_TRY IT_. Look below for the line containing "Iconic Designer Jean"; from there, print each line exactly up to and including the line containing "Zenoah owner manual", and stop.

_THE INPUT_.

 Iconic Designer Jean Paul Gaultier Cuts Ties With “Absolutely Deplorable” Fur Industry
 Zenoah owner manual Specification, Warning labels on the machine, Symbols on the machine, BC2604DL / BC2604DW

...

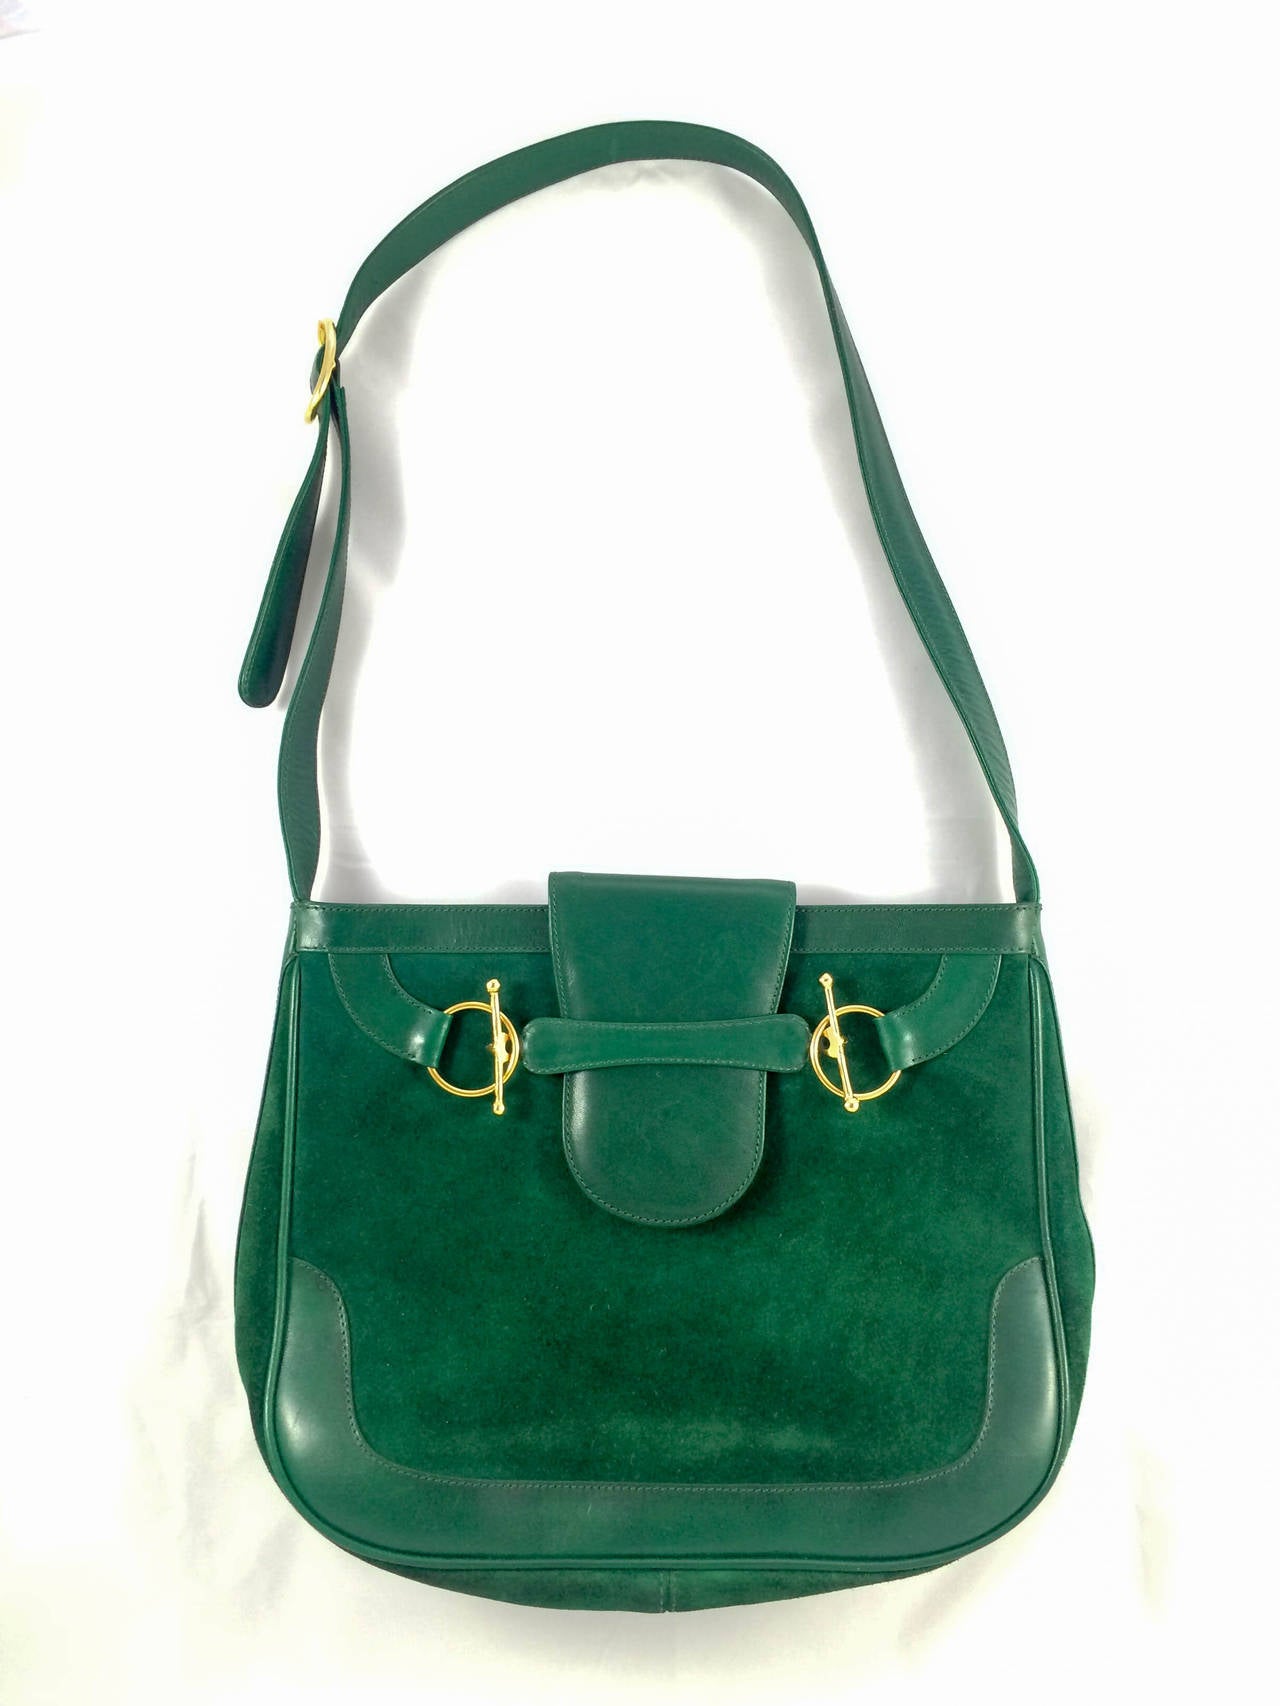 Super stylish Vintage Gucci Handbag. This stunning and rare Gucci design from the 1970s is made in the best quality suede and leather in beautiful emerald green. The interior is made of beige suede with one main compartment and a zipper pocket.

...

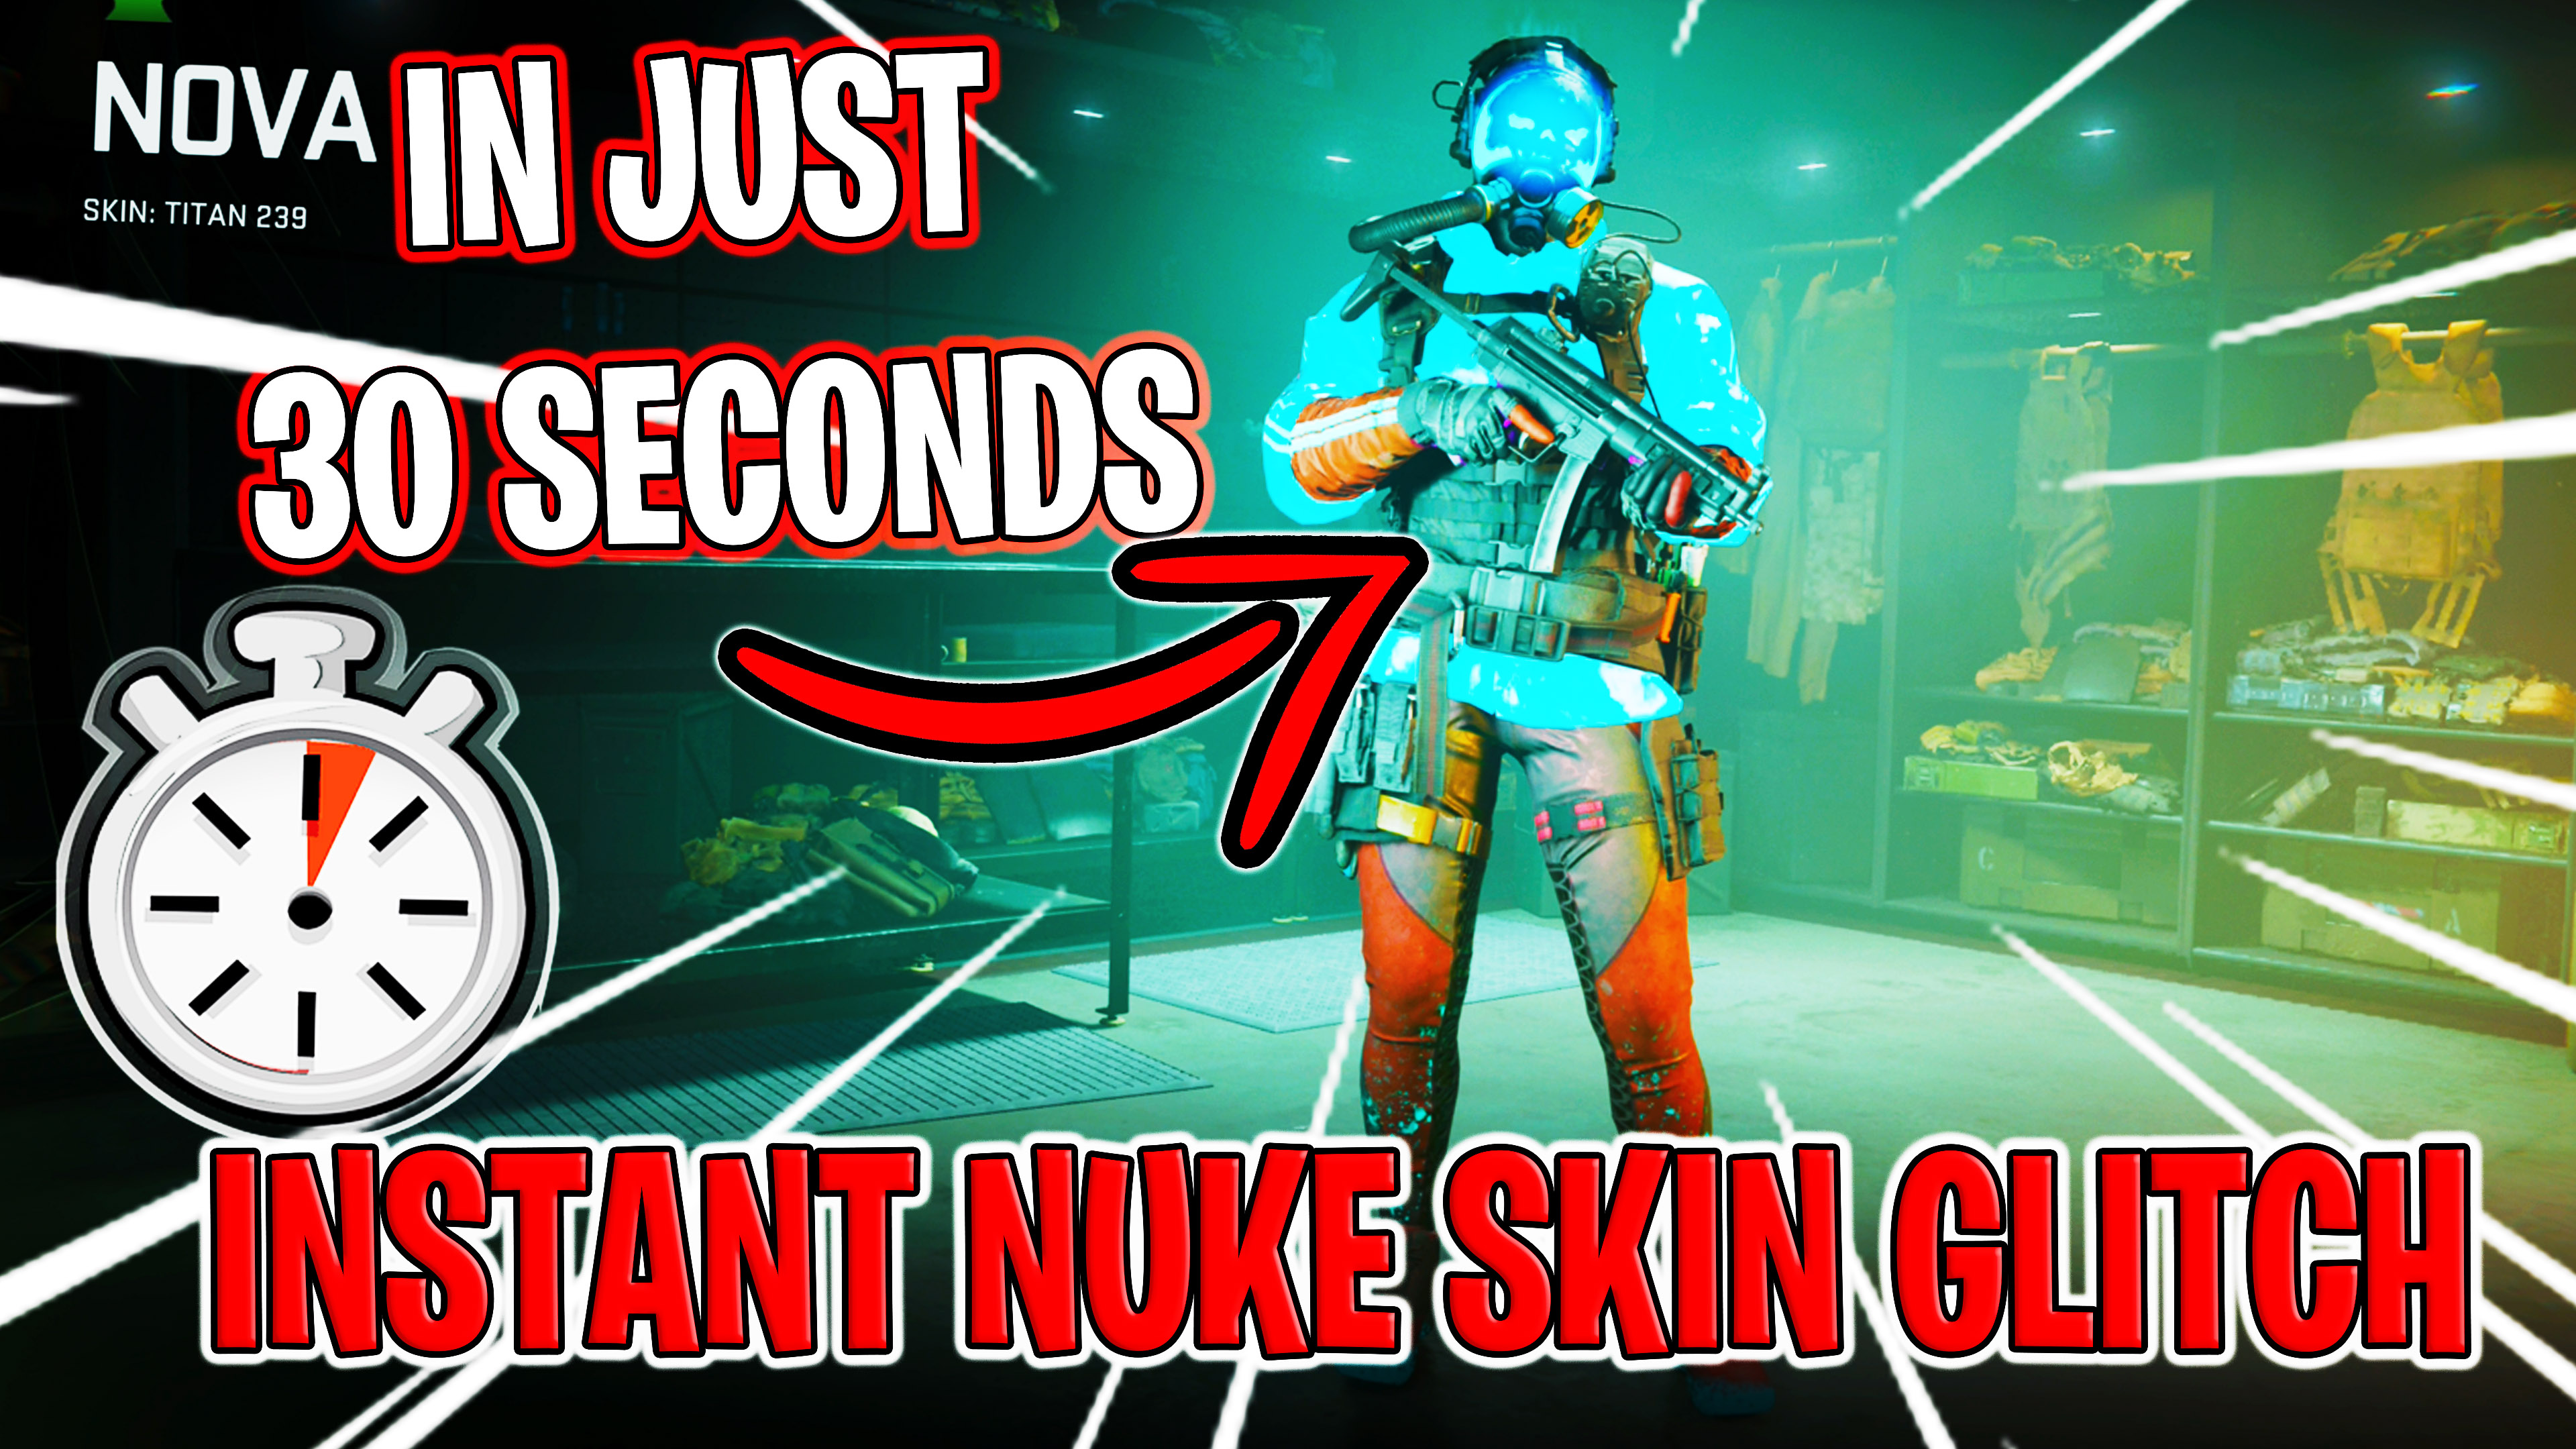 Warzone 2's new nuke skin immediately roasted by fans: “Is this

_TASK OUTPUT_.
 Iconic Designer Jean Paul Gaultier Cuts Ties With “Absolutely Deplorable” Fur Industry
 Zenoah owner manual Specification, Warning labels on the machine, Symbols on the machine, BC2604DL / BC2604DW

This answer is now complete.